Mental health crisis center: Butler Co. officials explore best practices

Butler County is working toward creating an emergency mental health crisis stabilization center at the now vacant county nursing home and have been exploring best practices nationwide that could cost $7 million.

Over the past several years there have been many conversations about what such a center would provide. Early on it was being called a “drop-off” center for the homeless people who experienced a psychotic incident or caused a drug-induced disturbance so police wouldn’t have to take them to jail.

The person would stay from 3 to 5 days and Medicaid would cover the bulk of treatment costs.

More recently the definition has been expanded to a place where police and family members can take people with mental illness who are having an episode.

Scott Rasmus, executive director of the Butler County Mental Health and Addiction Recovery Services Board, has studied five models so far, two in North Carolina, two in Ohio and one in Oregon. Based on those models he is estimating a Butler County facility could cost $6 million to $7 million to operate, which is up from the original price of $5 million to $6 million.

He and Commissioner Cindy Carpenter visited two facilities in North Carolina last week that are considered “best practices” models.

Carpenter said one of the best practices she learned on the visit is who utilizes the centers.

“I asked where do the referrals come from for the larger facility that’s serving Durham,” she said. “They come from homeless shelters, police drop-offs, hospitals, walk-ins, other facilities, group homes, their mobile crisis team and sometimes individuals just come in the door and have someone to talk to but don’t stay there. I think that’s the mix we’ll likely mirror.”

The commissioners have allocated $3 million of their American Rescue Plan Act dollars to the effort. Rasmus said they have applied to the state department for mental health and addiction for $750,000 to put toward capital costs for the project and his board would be required to match that amount if they get the grant.

He said until he gets an architect’s evaluation of the Care Facility he won’t know what the capital costs will be. Commissioner Don Dixon told the Journal-News he expects their ARPA money to largely pay to transform part of the nursing home.

“Ours is just in anticipation of the sticks and bricks and building changes and stuff like that mostly,” Dixon said. “Some for the start-up but most of it’s probably going to go to the renovation.”

As for ongoing costs at the two North Carolina centers, the one in Durham County — it serves about 250 people a month — costs $7 to $8 million a year to run and the other smaller one in the city of Henderson costs $3 million to $3.5 million annually.

The pair said the funding models in North Carolina are much different because they don’t have Medicaid expansion there, the police and hospitals also contribute financially to the centers.

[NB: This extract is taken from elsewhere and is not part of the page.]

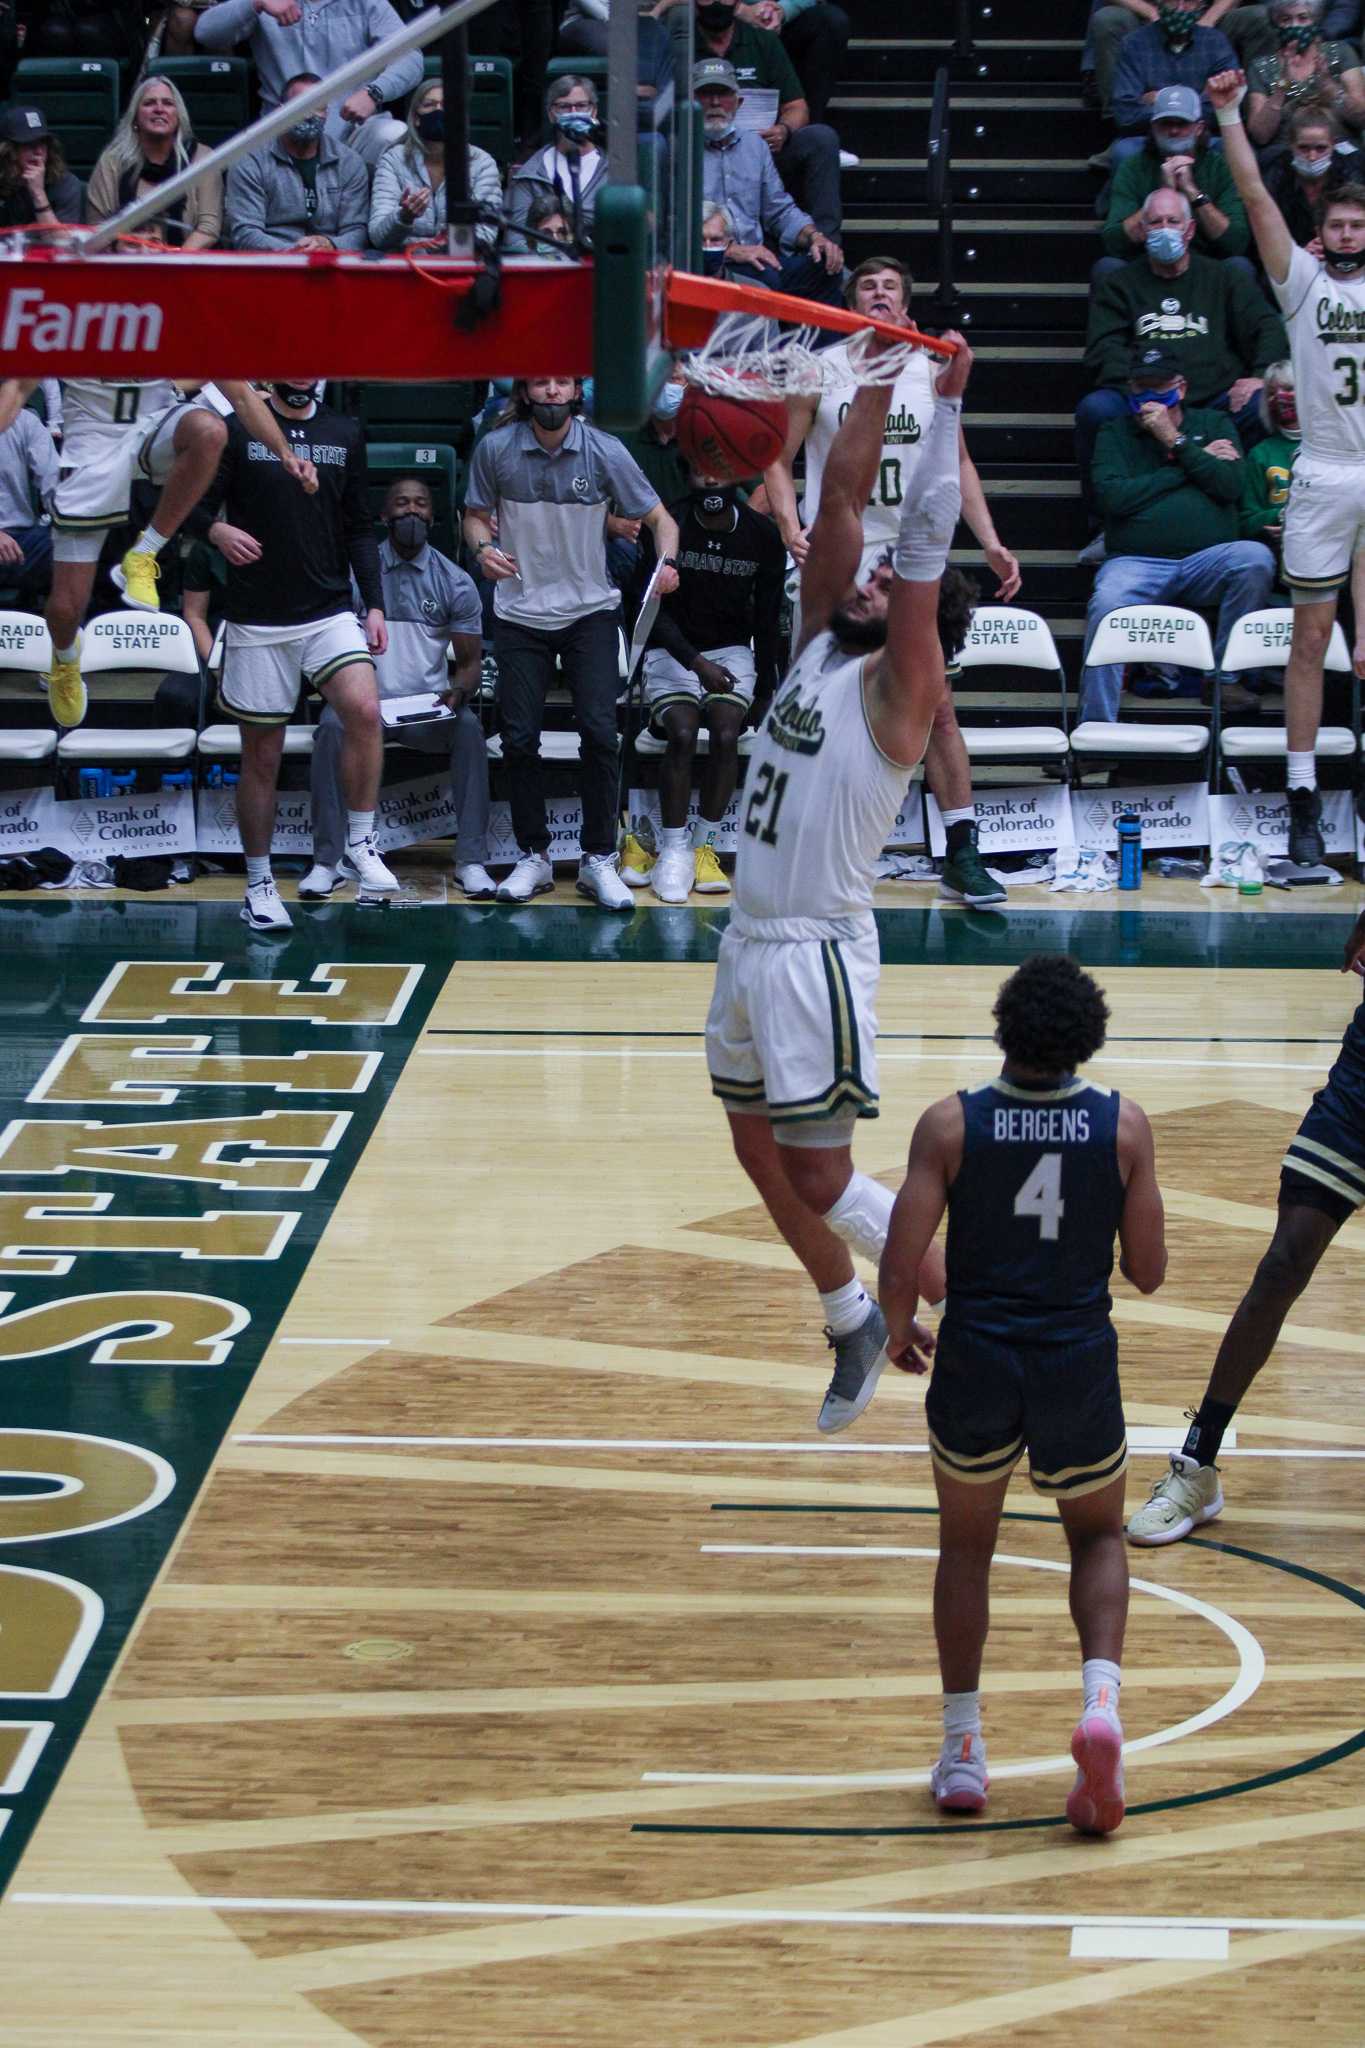 Colorado State Forward David Roddy dunks the ball while a defender watches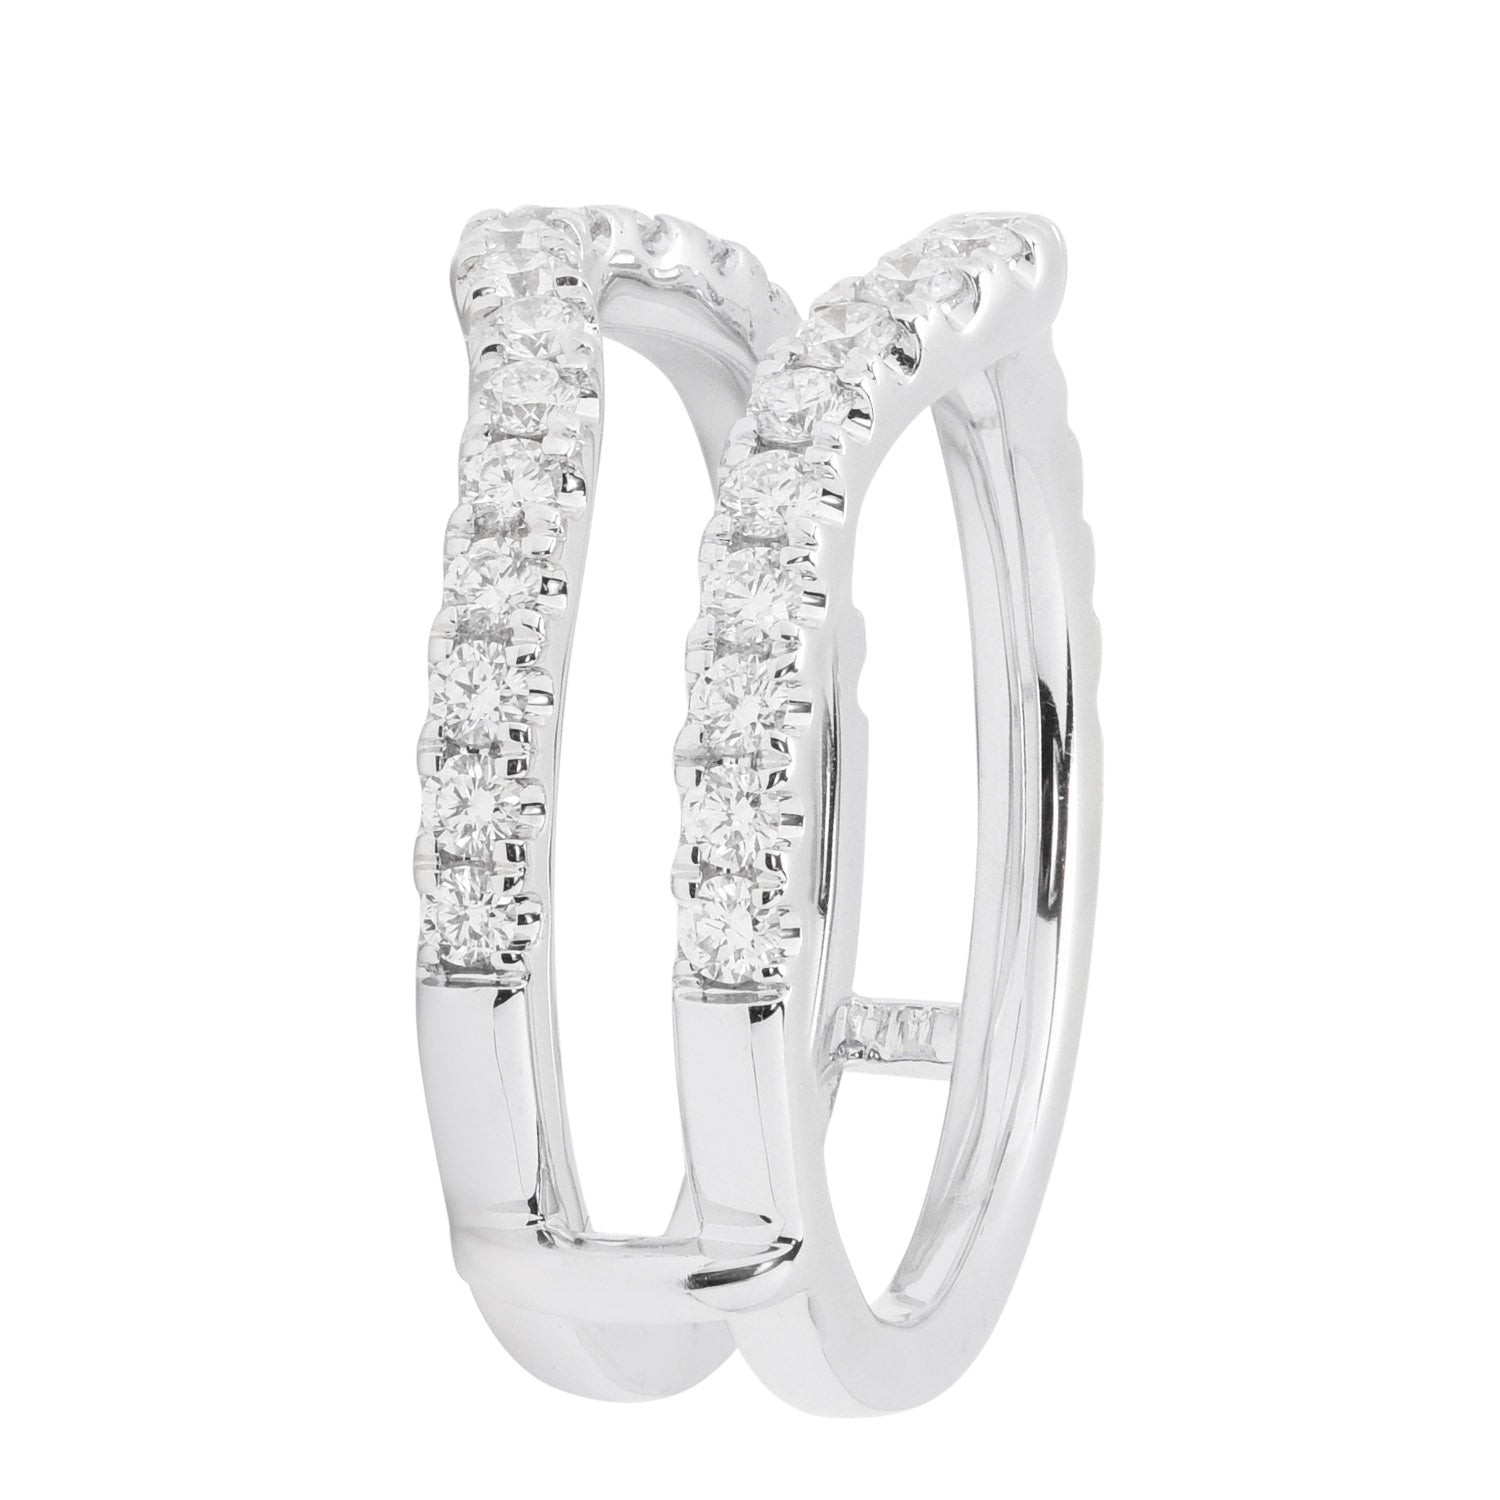 Diamond Wedding Ring Curved Insert in 14kt White Gold (3/4ct tw)

“It’s interesting that their sheriff’s office and their hospitals provide some funding, because they believe they are diverting individuals from the jail and the hospital emergency rooms,” Carpenter said. “I don’t think it’s a large percentage of their budget but it is a contribution. I don’t know that that would save us any money, it’s sort of the same pot of money.”

Rasmus is finalizing a request for proposals that is expected to be released next month. At this point he favors adopting the North Carolina model.

Rasmus said both facilities have communal space with 23-hour observation chairs as well as longer term treatment rooms. After patients are stabilized in the observation area they are either referred out for wraparound services or admitted for two to five days for further in-house treatment.

“It treats clients in an open area to address their crisis needs but also to allow them to socialize with one another without any walls and that helps because of the socialization piece, they get maybe some support, some suggestions from each other on resources,” Rasmus said.

“It’s a combination of being able to observe everybody from a nurses station where you can look out on all these chair rather than look in the rooms. Then the socialization piece and the resource piece. So it works for the staffing and eyes on site and it works for the clients too.”

Carpenter said she wants to explore models that extend the stay beyond five days to offer “a continuum of care” but that could require touring more facilities. Rasmus said there are models that keep clients up to a month

Dixon said he was on a Zoom call with the Oregon facility where people are only there for an average of eight hours and then are sent out for wraparound services. He said “it’s going to have to be a design build here.”

“We’re going to have to open it on a small scale, test it, see what the results are and then see where the savings are...,” Dixon said he hasn’t discussed his idea with anyone yet but “my anticipation how it will start is small as a test prototype and see how it works and we’ll build off of that.”

As far as getting financial help from law enforcement agencies and hospitals like North Carolina does Dixon said that is an avenue to explore, not from the sheriff because his operation is funded by the county general fund but possibly other law enforcement agencies and hospitals.

“I think if it works the hospitals ought to have some interest, I do, as well as some others,” Dixon said. “Whoever uses it, kind of user pay as you go, but as different police entities use it and the life squads use it, we’ll have to figure out where the savings are and somebody is going to have to make some contributions back.”

Rasmus said they can get Medicaid reimbursement for about half the cost to run the facility, but there are efforts now being made to expand Medicaid covered services and episode rates and “if enhanced Medicaid gets endorsed in Ohio it could go up to like 80, 85, 90% covered by Medicaid.”